Mr. Hood U.S. History

 In factories, owners sought to maximize profit by cutting the wages of workers.  Some factories became known as sweatshops because workers would be forced to work for 12 hours a day, 6 days a week, in small, hot, dark, and dirty conditions.  Sweatshops employed mainly women.  Sweatshop owners kept close watch over workers hours and clocked times in and out.

 Women took a huge leap forward when they entered the industrial work force.  But, they were still not equals to men in both type of work and pay.  Children also entered the workplace to make extra money for their families. They were paid much less than adults.

 Company Towns- isolated communities near the workplace, owned by the business and rented out to the employees. Also had a company store.  This allowed business owners to further cash in on cheap labor by choosing where they lived and what items were sold to them at the prices they chose.

 Collective Bargaining- negotiating as a group for higher wages or better working conditions.  Strikes-workers agreed to cease work until certain demands were met.

 Socialism-a movement that began in the 1830s, it is an economic philosophy that favors public, instead of private, control of property and income.

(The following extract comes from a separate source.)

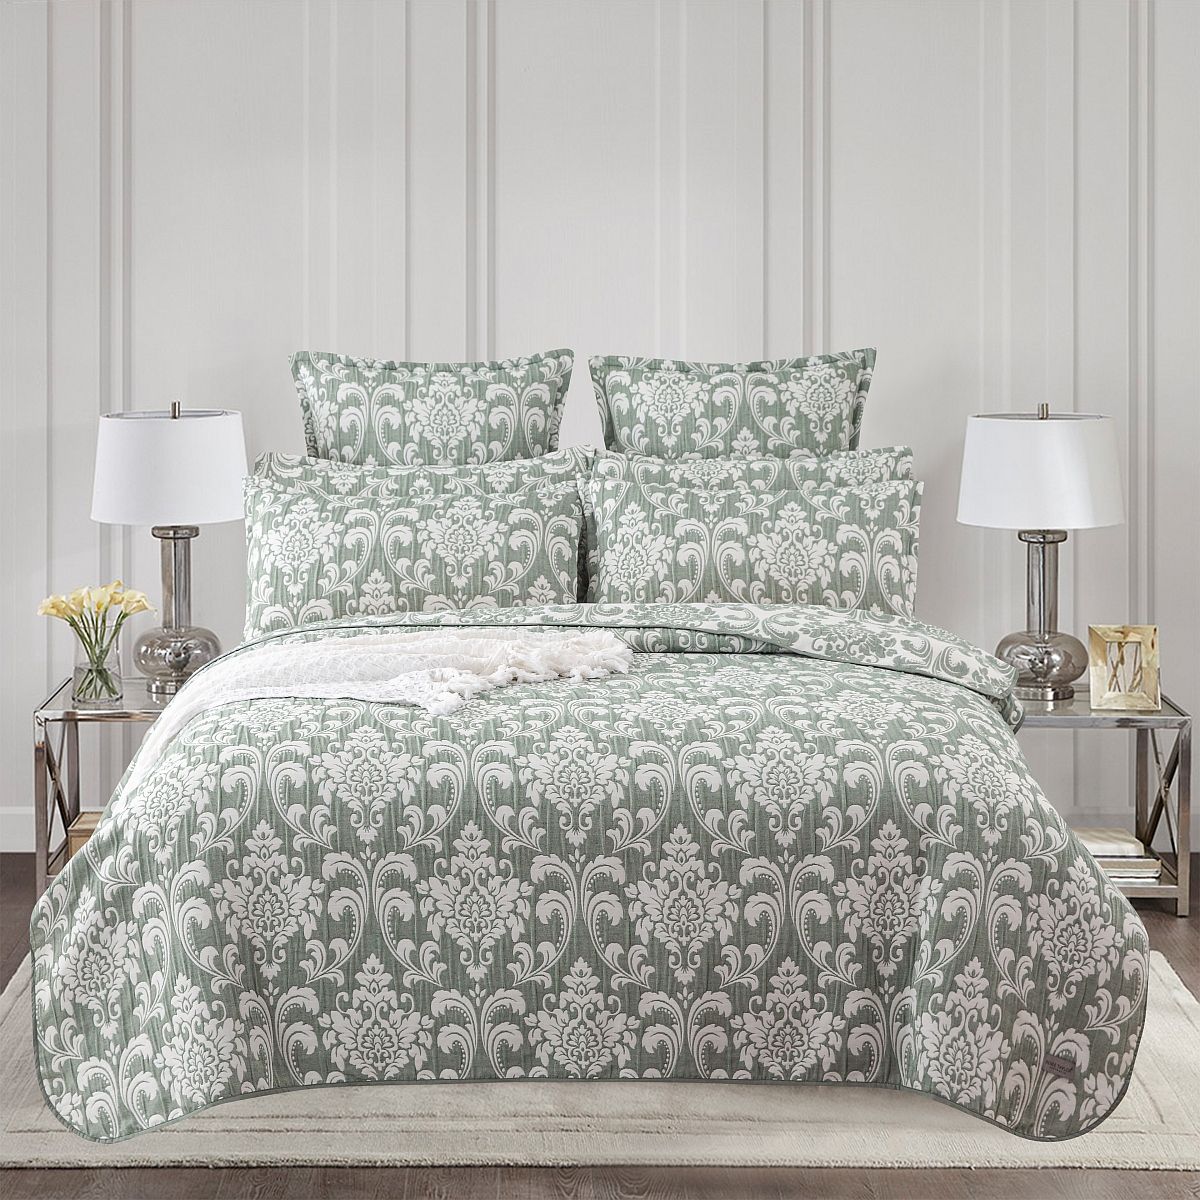 Boasting a timeless jade & white damask pattern, highlighted by sharp, straight piped edge detailing, this bedspread features a reverse side equally elegant & detailed. Whether you're looking for a light and airy summer layer or wish to layer it with a quilt for winter warmth, this bedspread provides the flexibility to effortlessly shift between seasons. 
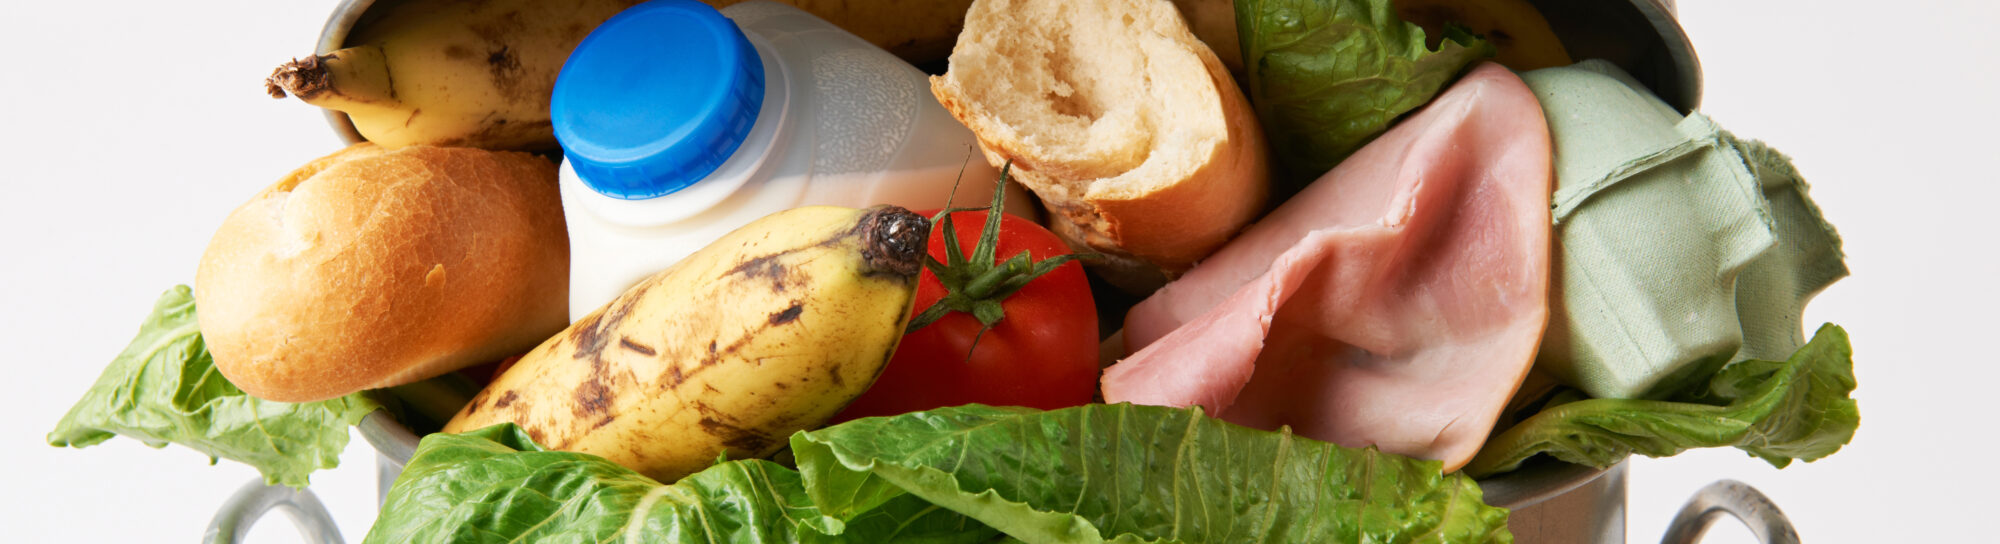 Food waste is harmful to the environment and to the wallet

Idea expanded by Karl Marx in the Communist Manifesto.

 Knights of Labor-labor Union that included all workers; skilled, unskilled, and of any trade, also allowed African Americans to join.  Terence V. Powderly- eventually assumed control of the KoL, he continued to pursue the goal of leading factory workers out of “wage bondage”. Encouraged boycotts and negotiation with employers.

 Samuel Gompers formed the American Federation of Labor (AFL).  Gompers was a poor English immigrant who wanted to change working conditions of his fellow workers.  The AFL included all workers but was considered a craft Union because it was a loose organization of skilled workers from some 100 local unions

 Gompers set high dues to join the AFL.  The money was set up to create a strike and pension fund for needy workers.  It did not focus on social gains, but it did focus on very specific workers issues such as wages, working conditions, and working hours.  Did not gain the members like the KoL mainly because it did not support equality for women and many African Americans were excluded.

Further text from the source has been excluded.